Almost anything is fair game as a target for the machine-gun jokery. Midgets, East German women athletes, the Ford Motor Company – no one is immune. But the real subject of the parody is the cinema. Movie convention and style are wittily and lovingly lampooned.

Not that the humor can be termed sophisticated. But there is good sense behind the jokes, and in the rhythm and the timing of the film. There’s also a sense of friendliness. These guys may perpetrate some outlandishly dumb gags, but they’re not dumb themselves. They know what they’re doing.

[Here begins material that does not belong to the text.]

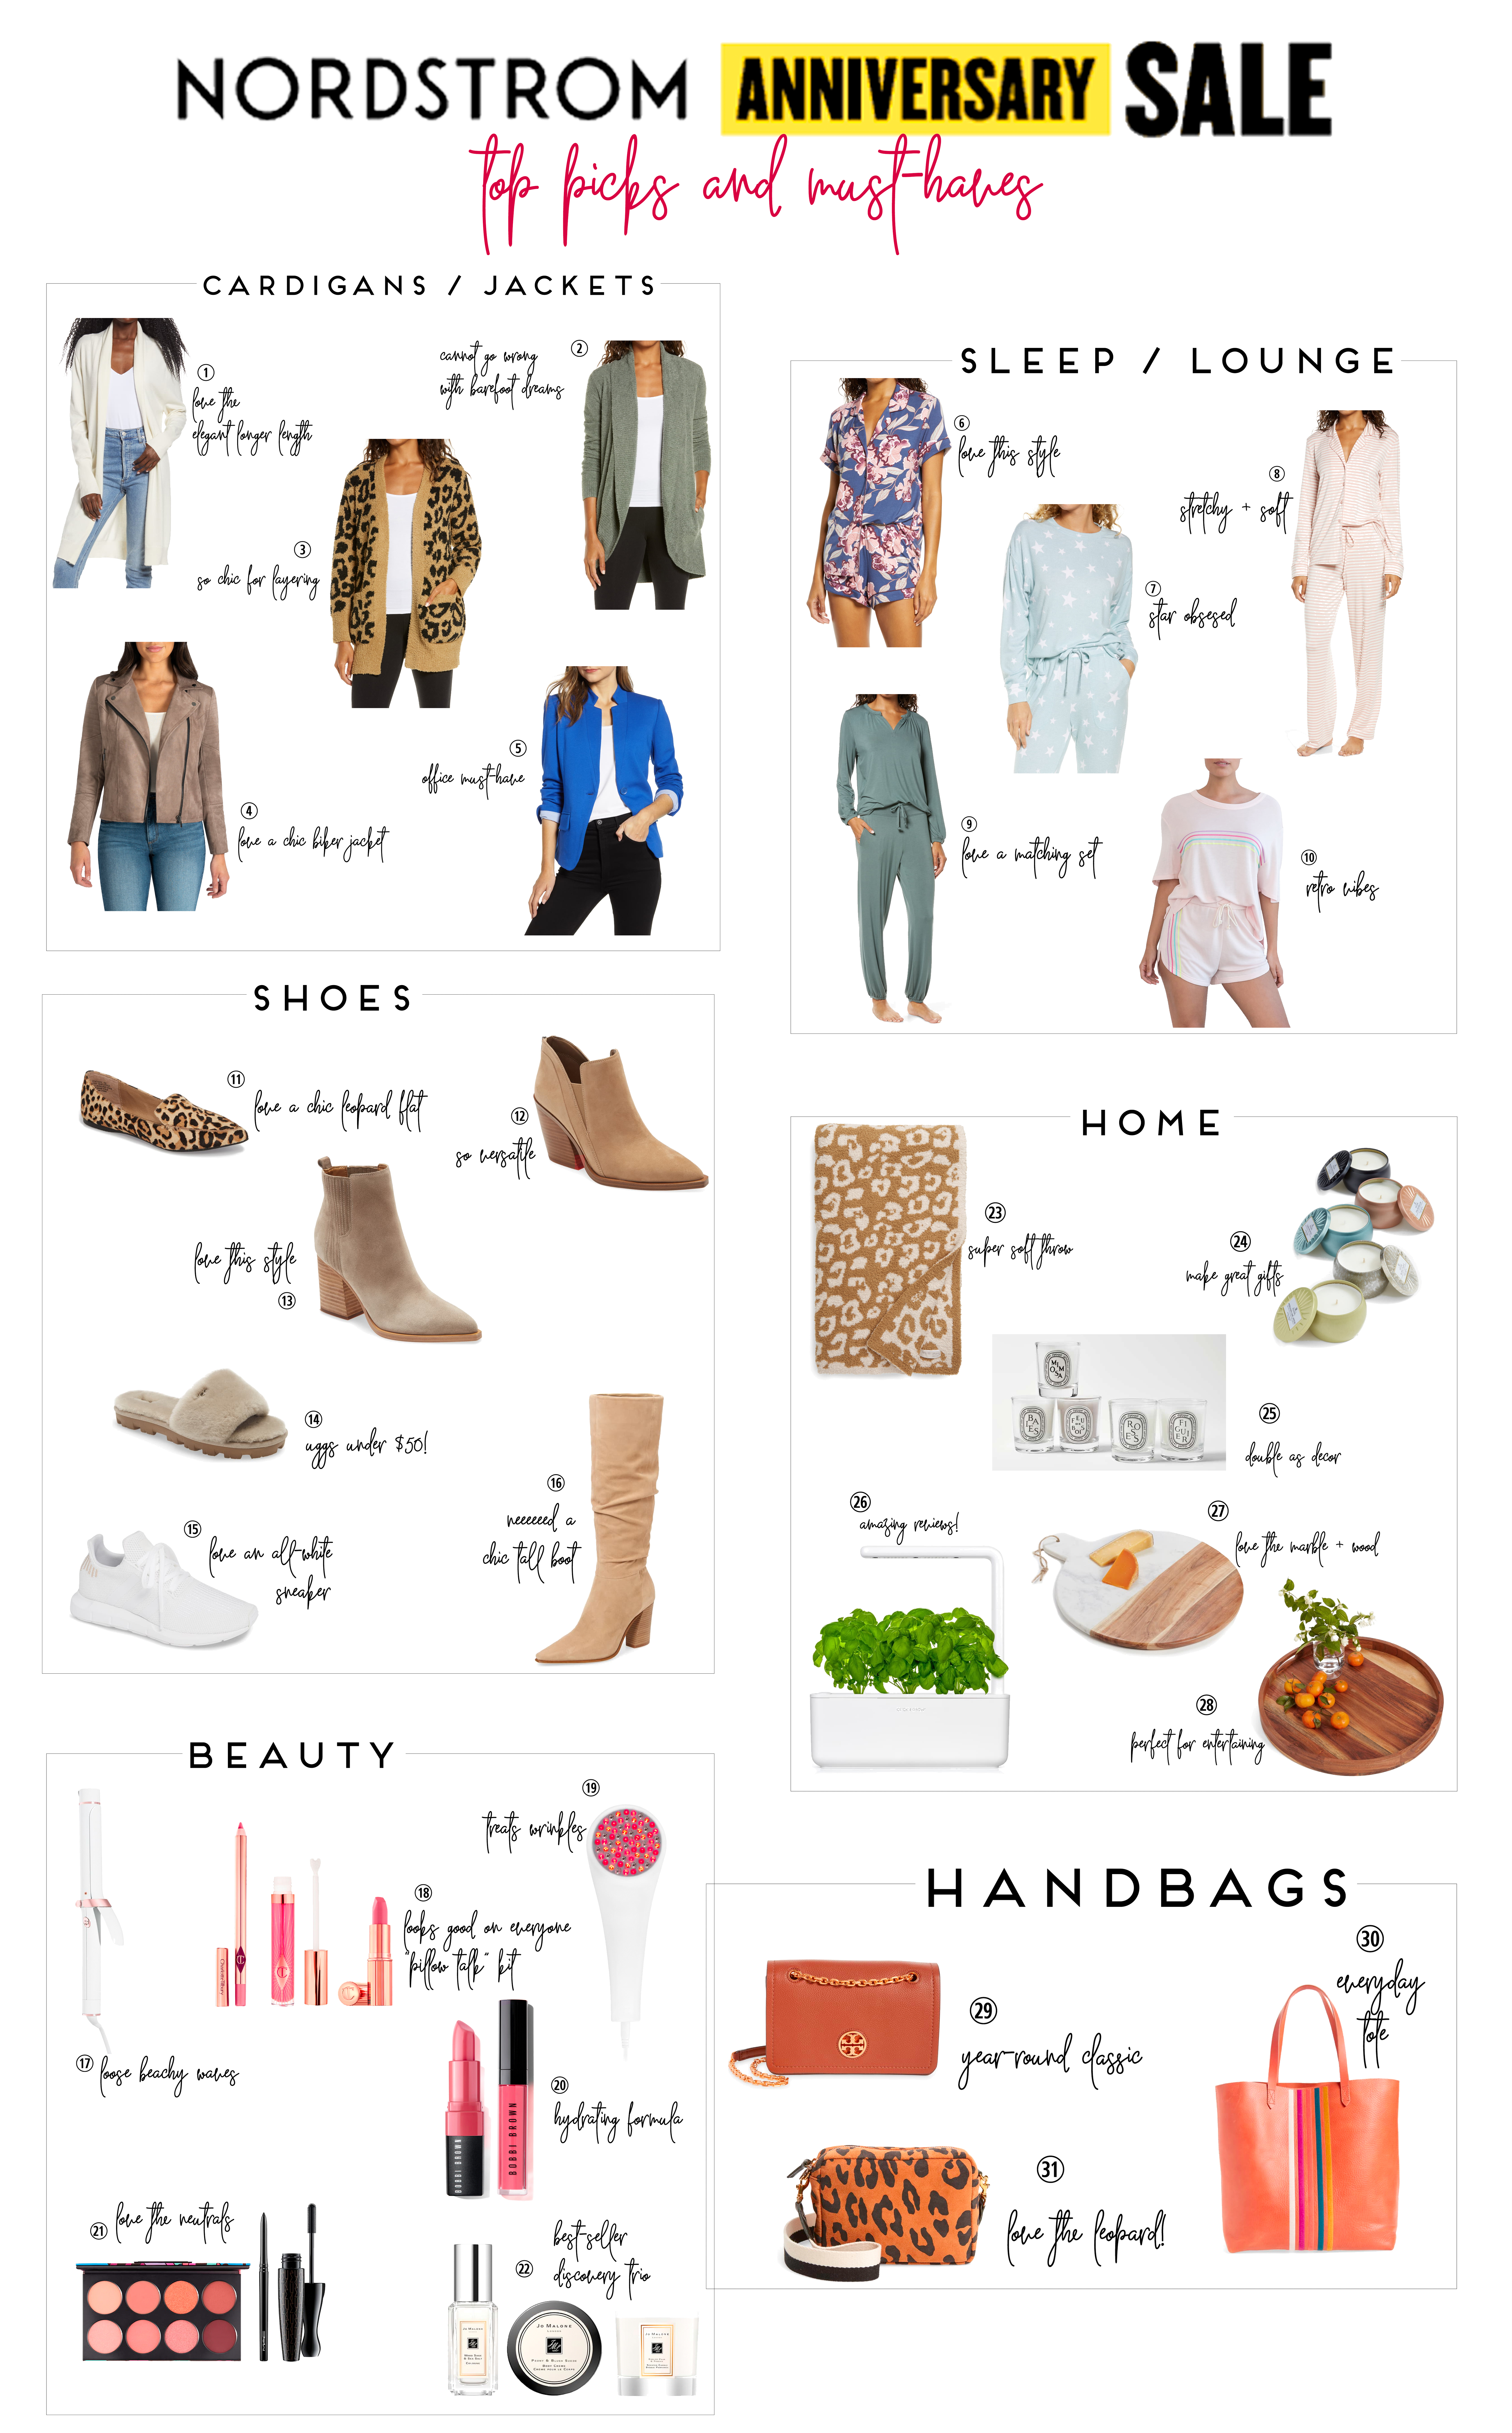 Nordstrom Anniversary Sale 2020: Top Must-Have Picks (+ GIVEAWAY!)

War movies and Casablanca are the main source of inspiration, but the scatter shot unloaded by Top Secret! also hits such diverse films as The Blue Lagoon, Raiders of the Lost Ark, and The Wizard of Oz. For good measure, there’s a slap at break dancing, as our hero starts spinning around the floor and bores a hole through to the basement.

What more to say after you’ve considered guest star Omar Sharif, who gets turned into a compacted car; guest star Peter Cushing, who plays his entire role backwards in the space of a single shot; or the most, uh, unusual version of the Nutcracker ballet ever? Not much, because to repeat the jokes is to ruin the movie. Better to keep them top secret.

First published in the Herald, June 23, 1984

Watched this again in the last year and yes, it holds up, gleefully. It was Kilmer’s first film, followed by Martha Coolidge’s fine Real Genius. At the time it was considered something of a box-office disappointment, if I’m remembering right, but it seems to be pretty beloved today. ZAZ came to a University of Washington screenwriting course when Airplane! was in first release, and proved how smart they were about building gags and tying them together.